If you often compare providers or test several models in parallel, it is more convenient to keep one OpenAI-compatible endpoint. In AI Router, the team changes the base_url to api.airouter.kz and continues using the same SDKs, code, and prompts. This makes gradual rollout and rollback much easier.

For teams in Kazakhstan, there is one more practical check before full launch: make sure data storage, audit logs, and PII masking are configured just as strictly as they were during the test. On paper, the migration may look successful, but production often breaks on exactly these details.

If, after a few days, the metrics are stable, manual review finds no unpleasant surprises, and support sees no new complaints, then the new model can be considered the main one.

Frequently asked questions

Why is shadow traffic needed when changing models?

Because a direct model swap changes not only the text, but the service behavior too. Shadow traffic lets you look at live requests, compare answers, latency, and cost, without breaking the user experience.

When can you avoid a shadow launch?

You can skip it if the model only writes drafts for an internal team and a person checks everything by hand before sending. If the response triggers an action, affects money, deadlines, or a strict format, switching blindly is not a good idea.

Which traffic should be used for the first run?

For the first run, take one clear segment instead of the whole stream at once. Most often, one request type is enough, such as support or field extraction, so you can quickly spot real failures without getting lost in noise.

What should match between the main and shadow model?

Keep the prompt, system instructions, temperature, token limit, and tools the same.
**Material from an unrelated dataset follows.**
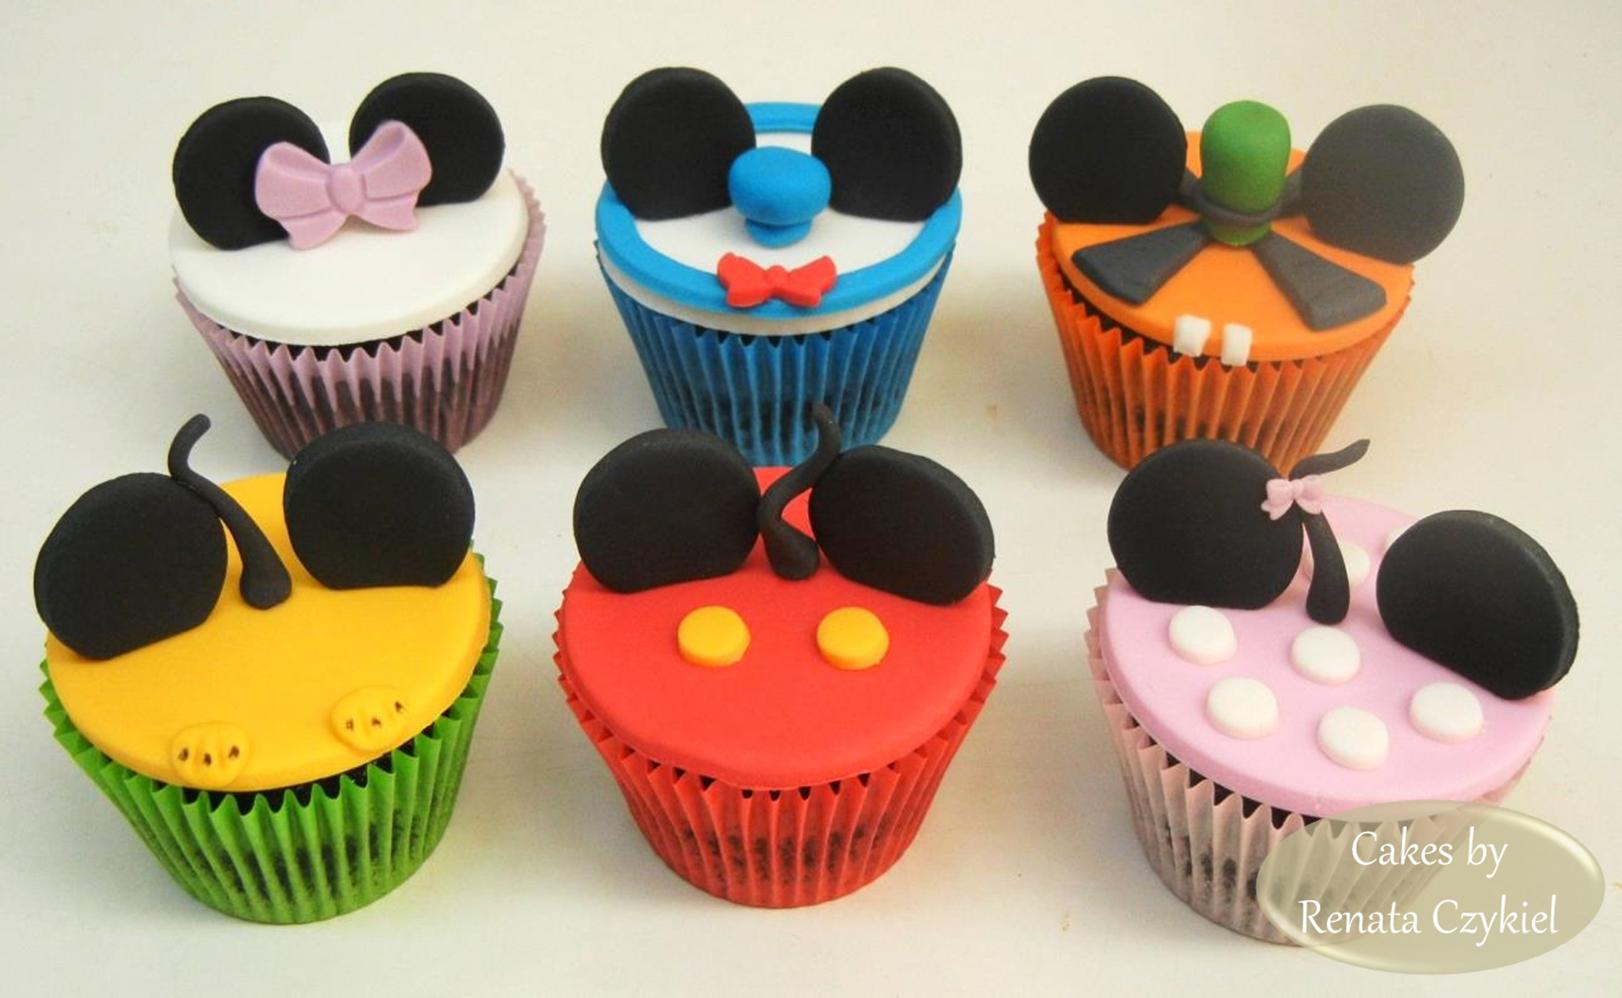 Pin de Renata Czykiel em Cupcakes & Cakes by Renata Czykiel

If you change both the model and the calling conditions, no one will be able to tell what actually caused the difference.

Which metrics should you look at first?

First look at instruction following, format validity, p50 and p95 latency, answer length, and total flow cost. A general impression is not enough: a model may sound nicer, but still break JSON more often or respond more slowly during peak load.
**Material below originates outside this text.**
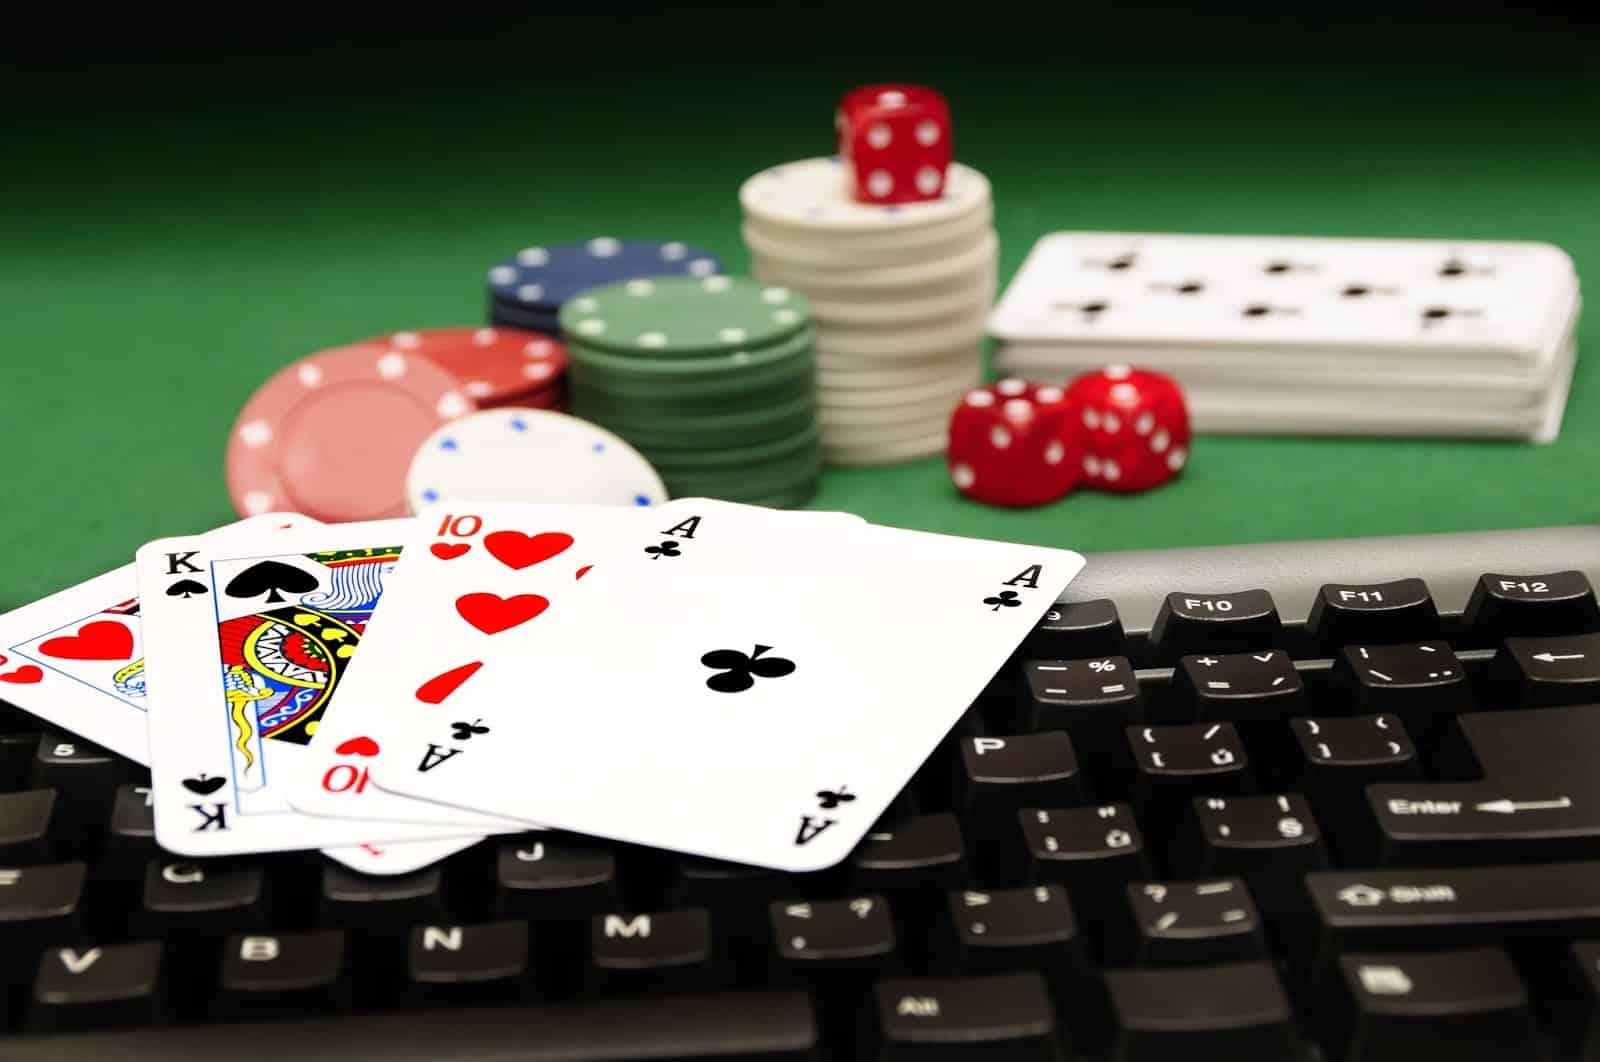 I giochi più vincenti casino online | Slot machines, roulette e blackjack

How do you know a difference has become dangerous?

Look at the cost of an error, not just how similar the text is. If the model changes a ticket status, reveals PII, breaks JSON, or moves away from the rule, count it as a failure even if the wording looks almost the same.

How should JSON and other strict formats be checked?
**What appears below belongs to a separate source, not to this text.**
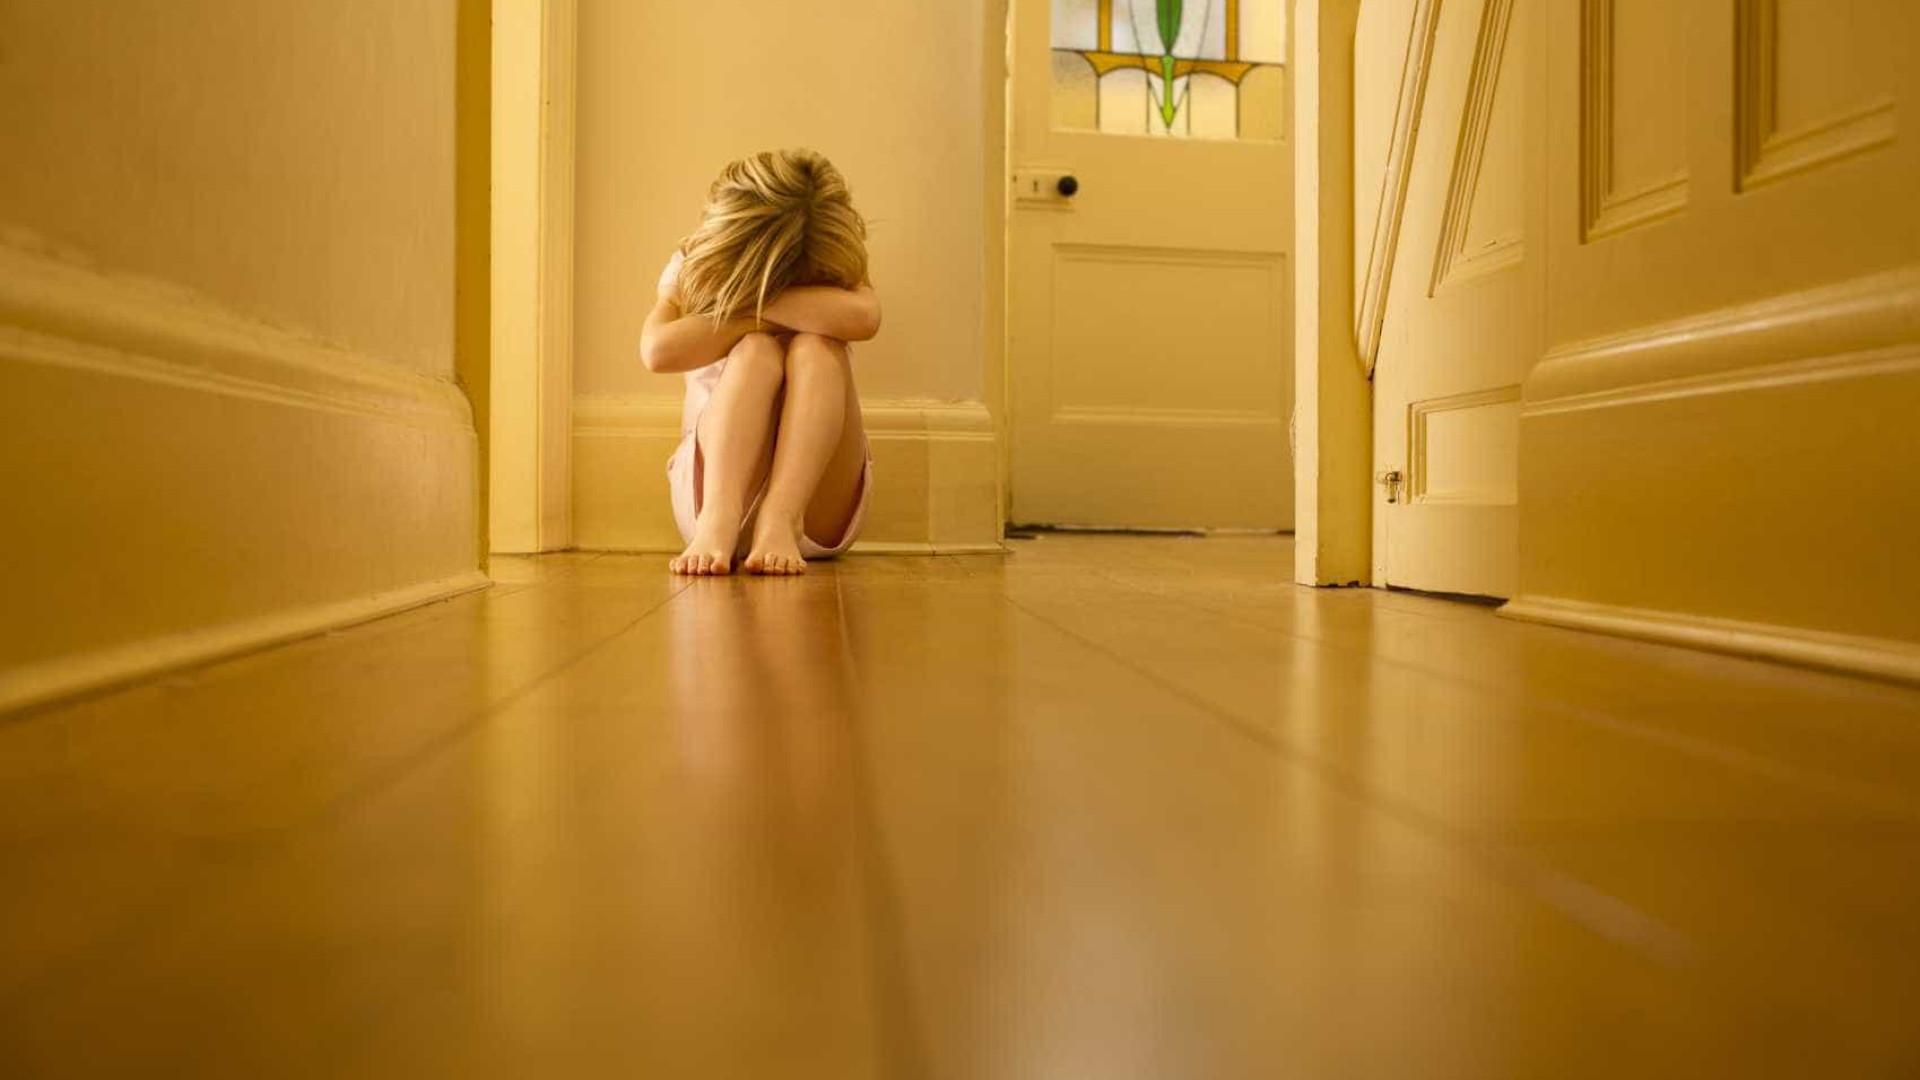 Mãe alcoolizada agrediu filha ao pontapé em hotel em Albufeira

Check not only whether the JSON is valid, but the full schema: required fields, value types, enums, and any extra text before the object. One paragraph before the JSON or an empty field in the wrong place can break the scenario just as fast as a broken bracket.

How many requests are needed to make a decision?

Ten or twenty requests are enough only for a quick look. To make a switching decision, you need a stream with long conversations, noisy input, and rare cases; it also helps to manually review at least 30–50 examples per risky segment.

How do you safely move users to a new model?

Do not turn on the new model for everyone at once after the test. Give it a small share of live traffic, watch errors, latency, cost, and user complaints, and keep the old model nearby as a quick rollback.

What if the new model is good in only some scenarios?

Do not look for one overall verdict for the whole model. Split traffic by scenario and move only the cases where the new model already holds quality, format, and speed; leave the rest on the old model or improve the prompt.